The two candidates for mayor of Sacramento spoke to a private panel at the Sacramento Metropolitan Chamber of Commerce before a crowd of Sacramento area businesspersons.
The media was not allowed in until the very end. It was an early opportunity to see both candidates stake out their ground in person.
Sacramento councilwoman Angelique Ashby and former state senate leader Darrell Steinberg spoke for more than an hour on everything from their breadth of experience, to their vision of Sacramento’s future and audience members said afterwards the two appeared to agree on more than what they disagreed on.
Ashby emphasized her youth and energy with a track record of delivering for her Natomas council district.

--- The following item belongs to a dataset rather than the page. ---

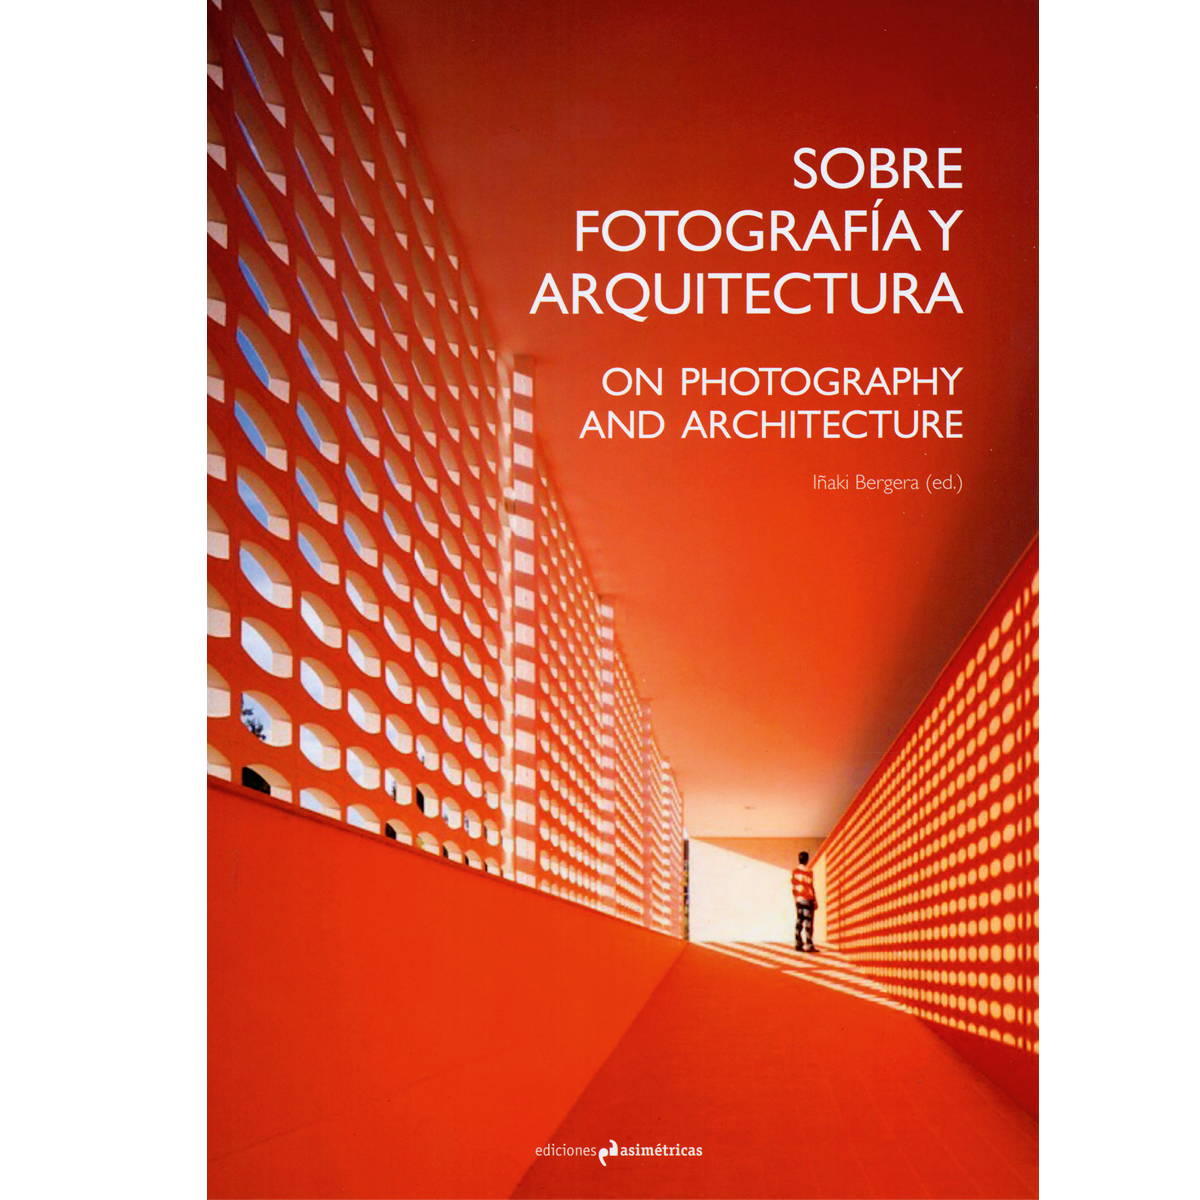 On Photography and Architecture

“I am, I always say, on fire for Sacramento. I have had tremendous results in my own district by reducing crime by 48 percent and improving business,” Ashby said afterwards.
Steinberg focused on his breadth of experience from city council to state Senate. “I’m running because I love my city. And I believe my experience, my reach and the fact that I’ve always delivered for Sacramento makes me the best choice,” Steinberg said.

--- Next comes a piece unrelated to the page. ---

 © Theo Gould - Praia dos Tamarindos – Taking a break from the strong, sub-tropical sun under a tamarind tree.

Ashby said she saved her Natomas constituents money, while improving services. “I’ve been vice mayor and mayor pro tem for four years on the city council. No one in the history of the city, including my opponent, has ever done it two years consecutively,”Ashby said.
Steinberg complimented his rival but said his political, “reach” could provide for Sacramento.
“I think she’s been a very fine city counci lmember, but I’ve represented the entire city for 14 years. I was president of the senate and I always delivered for Sacramento,” Steinberg said after the discussion.
Many in the audience seeming pleased to have two strong candidates who were civil throughout. “I really like what both candidates had to say and I’m interested to see what happens next,” said businessman Zach Skeffington.
“I thought it was a terrific debate. They really got at substantive issues. They were nice to each other,” said businesswoman Sandy Smoley.
Even those who saw differences mostly seemed to want to wait and see.
“I think one is looking at it from the very ground up and another is looking at a very, very top down approach,” said businessman Makro Mlikotin. But when asked if he had a preference, he responded, “Well, I think the campaign is just started.”